All of the cell divisions which take place during the division period are of the usual kind, in which every chromosome splits lengthwise into two and the two halves then separate and move to opposite poles of the spindle where they break up into threads and granules and form the daughter nuclei, as is shown in Fig. 24. But during the growth period of the oocytes and spermatocytes the chromosomes form a closely wound coil of long chromatin threads (Fig. 33), and when these threads uncoil later it is seen that the chromosomes have united in pairs (Figs. 33 D and E, 34 B, 35 B); this process is known as synapsis, or the conjugation of the chromosomes, and there is evidence that one member of each synaptic pair is derived from the father, and the other from the mother. The union of these chromosomes is probably not so close that they lose their identity, though there may possibly be some interchange of substance between them. By this union of the chromosomes into pairs the number of separate chromosomes is reduced to half the normal number; if there are usually 4 chromosomes, as in Ascaris, they are reduced to 2 pairs; if 48 chromosomes, as in man, there are 24 of these pairs.

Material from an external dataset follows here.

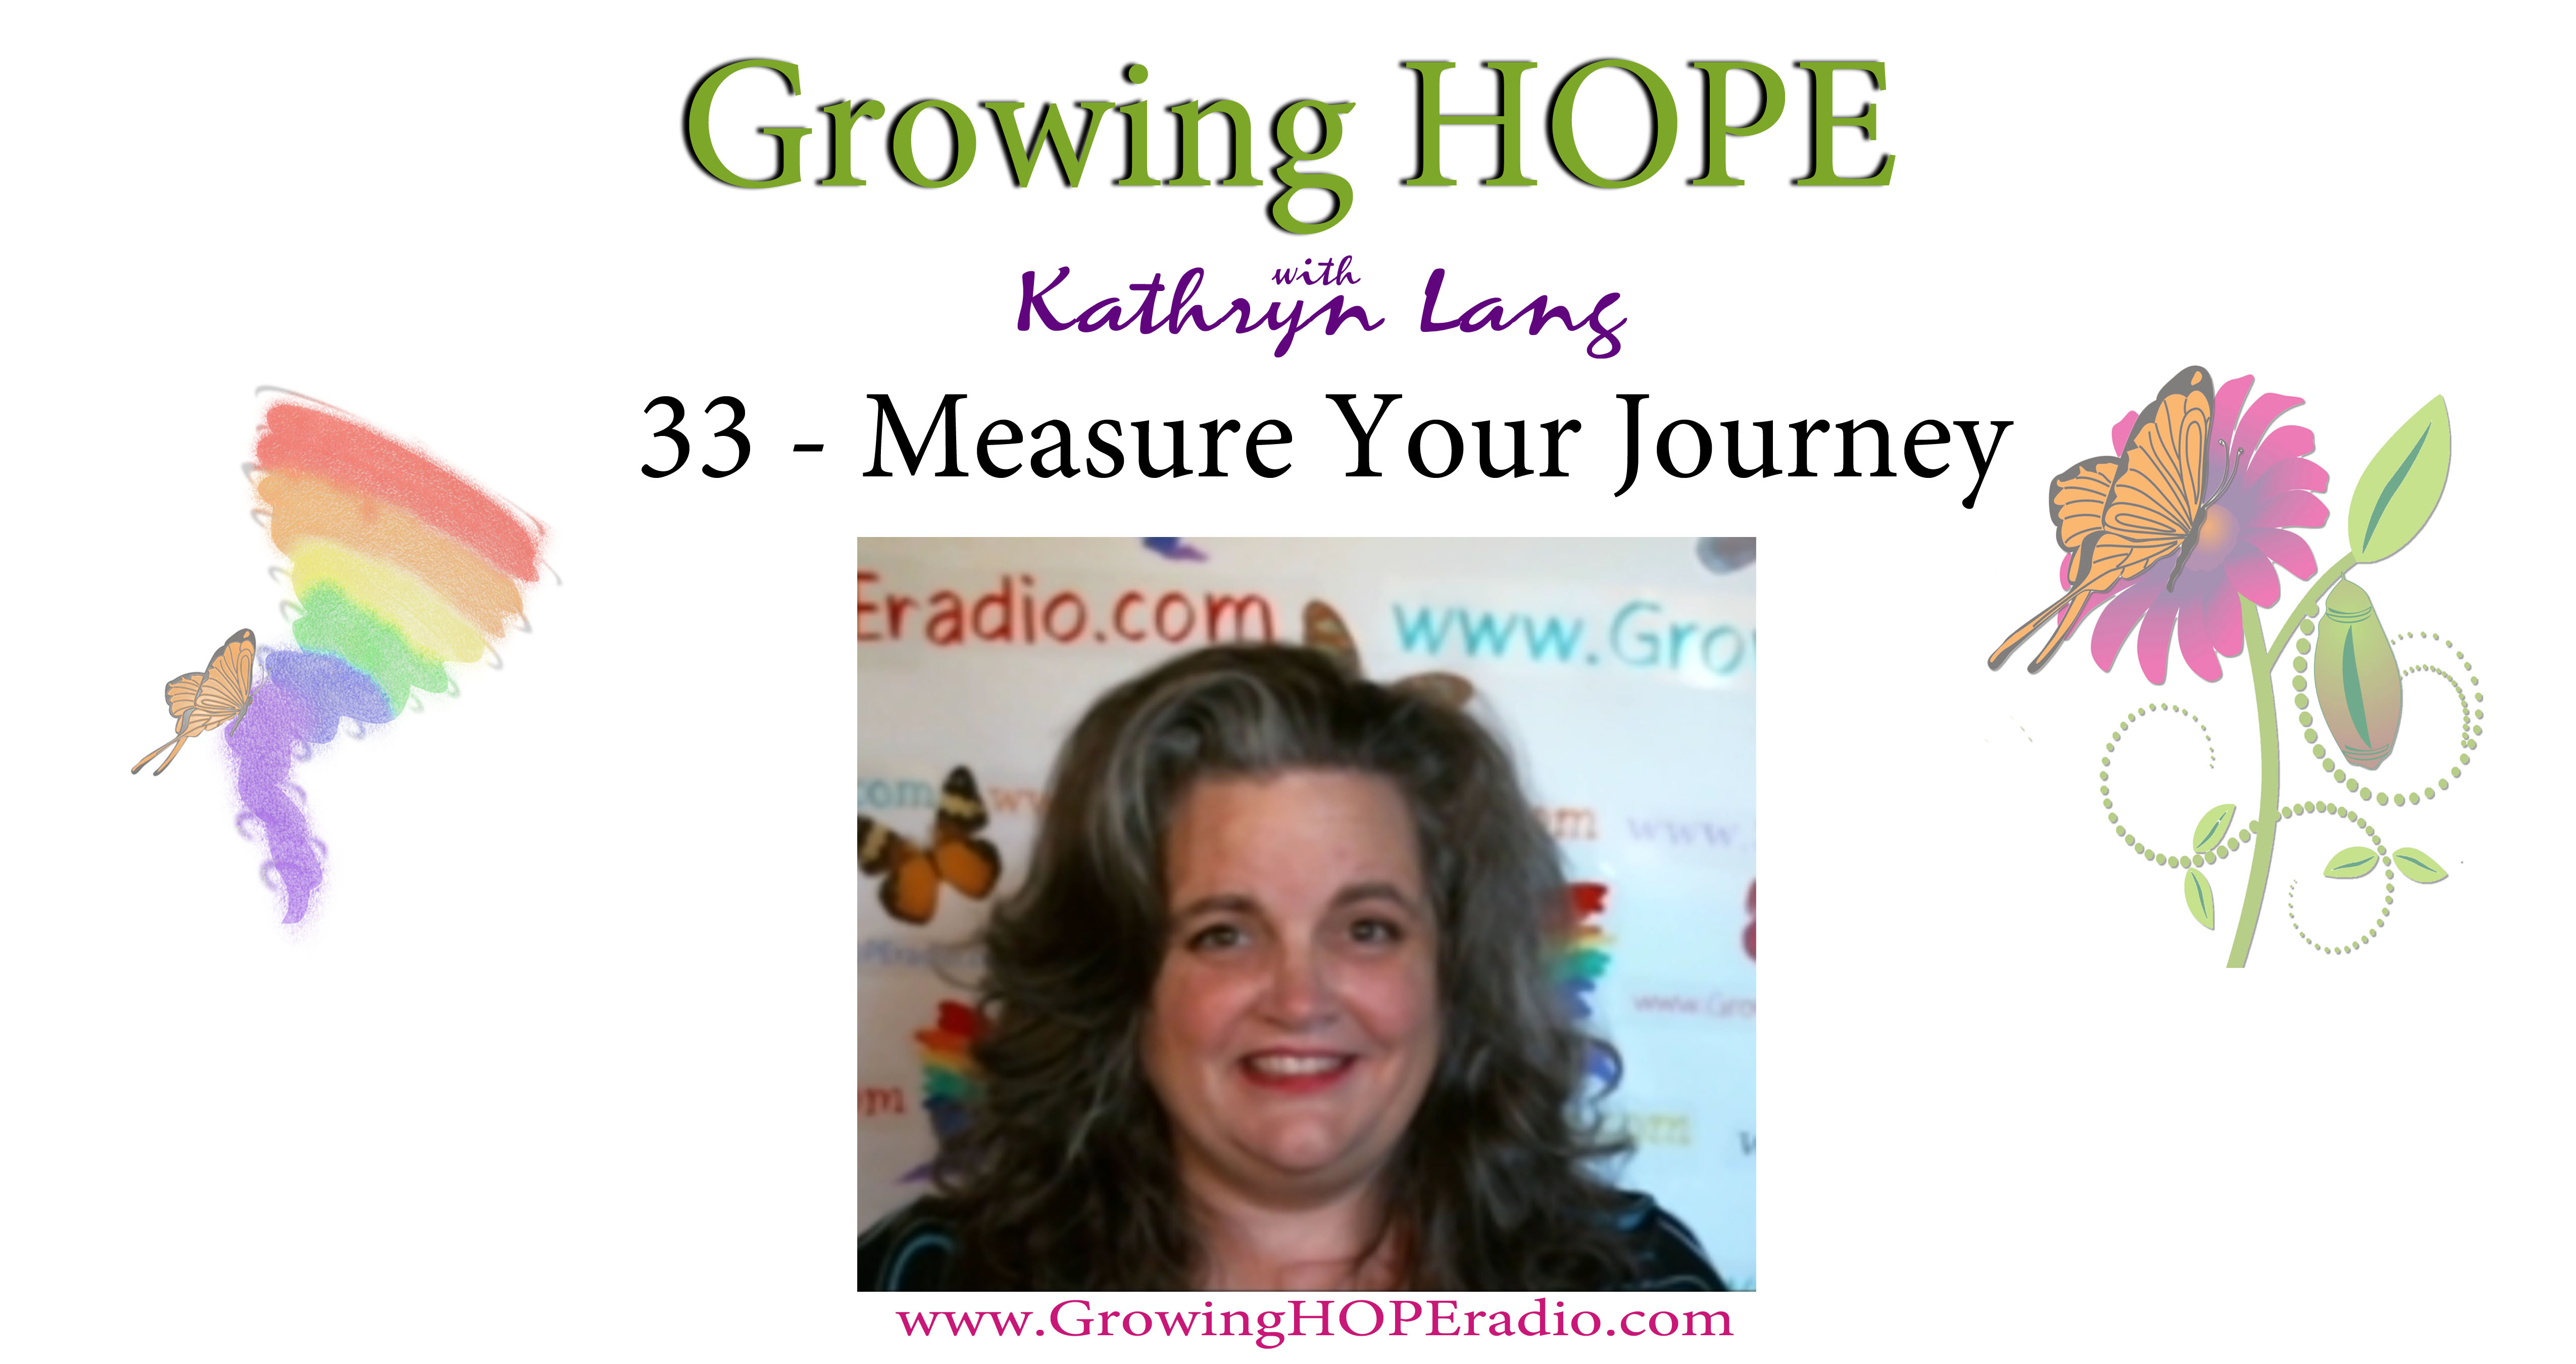 Growing HOPE Daily - 33 - Measure Your Journey

Fig. 33. Different Stages in the Development of the Egg of the Rabbit. A, at the beginning of the growth period showing slender chromatic threads in the nucleus; B, later stage in which these threads ball up and parallel threads conjugate forming the shorter, thicker thread shown in C; D and E, segmentation of the long thread into chromosomes (?) each of which shows its double nature; F, later stage in which the distinctions of the chromosomes is temporarily lost. (After Winiwarter.)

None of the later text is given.